VR headset can give you 360-degree vision like an owl

A virtual reality system and a head-mounted 360-degree camera make it possible to look directly behind you without twisting your entire body.

Humans can gain the ability to turn their gaze 360 degrees like an owl with a virtual reality headset and specialist software. Researchers say the technique could help fighter pilots during dogfights.

The ‘owl vision’ VR system lets you see directly behind you by turning your head 90 degrees
Ganesh Gowrishankar/UM-CNRS Laboratoire d’Informatique, de Robotique et de Microélectronique de Montpellier



Normally, humans only have a 180-degree range of vision by turning our heads from side to side. This increases to 240 degrees if we move our eyes and 360 degrees if we rotate our abdomen too. But this isn’t always comfortable task and may not be possible in some situations.

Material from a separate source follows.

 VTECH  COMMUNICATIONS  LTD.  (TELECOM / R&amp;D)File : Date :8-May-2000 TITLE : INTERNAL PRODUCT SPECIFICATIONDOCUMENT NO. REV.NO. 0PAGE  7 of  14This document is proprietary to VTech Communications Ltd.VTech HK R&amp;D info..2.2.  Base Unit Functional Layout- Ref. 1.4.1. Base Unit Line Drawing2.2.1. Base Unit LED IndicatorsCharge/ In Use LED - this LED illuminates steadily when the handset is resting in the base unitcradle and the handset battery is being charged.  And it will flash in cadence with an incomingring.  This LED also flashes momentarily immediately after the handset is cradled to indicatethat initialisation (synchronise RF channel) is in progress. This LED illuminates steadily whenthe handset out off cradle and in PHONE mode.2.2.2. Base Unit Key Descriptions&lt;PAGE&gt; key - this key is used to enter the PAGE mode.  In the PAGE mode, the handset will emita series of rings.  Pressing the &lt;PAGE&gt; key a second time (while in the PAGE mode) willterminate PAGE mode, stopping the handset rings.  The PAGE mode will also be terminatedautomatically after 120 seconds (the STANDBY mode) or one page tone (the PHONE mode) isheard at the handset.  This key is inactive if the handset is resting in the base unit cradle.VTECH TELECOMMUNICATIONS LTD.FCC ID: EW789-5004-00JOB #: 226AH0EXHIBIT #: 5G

Ganesh Gowrishankar at the Montpellier Laboratory of Computer Science, Robotics, and Microelectronics in France and his colleagues have developed a system that allows a user to easily see all the way around with just small neck movements.

The team added a 360-degree camera to the top of an HTC Vive Pro Eye headset, which can measure head rotation and display a portion of the panoramic video feed from the camera.

The researchers also added a layer of software that doubles the head rotation when selecting what part of the camera feed to show. This means that when the wearer turns their head 10 degrees, their field of view is rotated 20 degrees. When turning their neck 90 degrees to one side, they can see directly behind.

Gowrishankar says that test subjects quickly adapted to how far they needed to rotate their head and where they needed to reach out with their hands to touch an object they saw – but they needed a similarly short period to re-adapt once they took the device off.

“It doesn’t overload your cognitive system. It provides you the agency to see where you want,” says Gowrishankar. “Surprisingly, it’s quite easy – you don’t get very surprised by it and you are able to just understand it very quickly, and adapt to it as well. So it seems to work very well from my perspective.”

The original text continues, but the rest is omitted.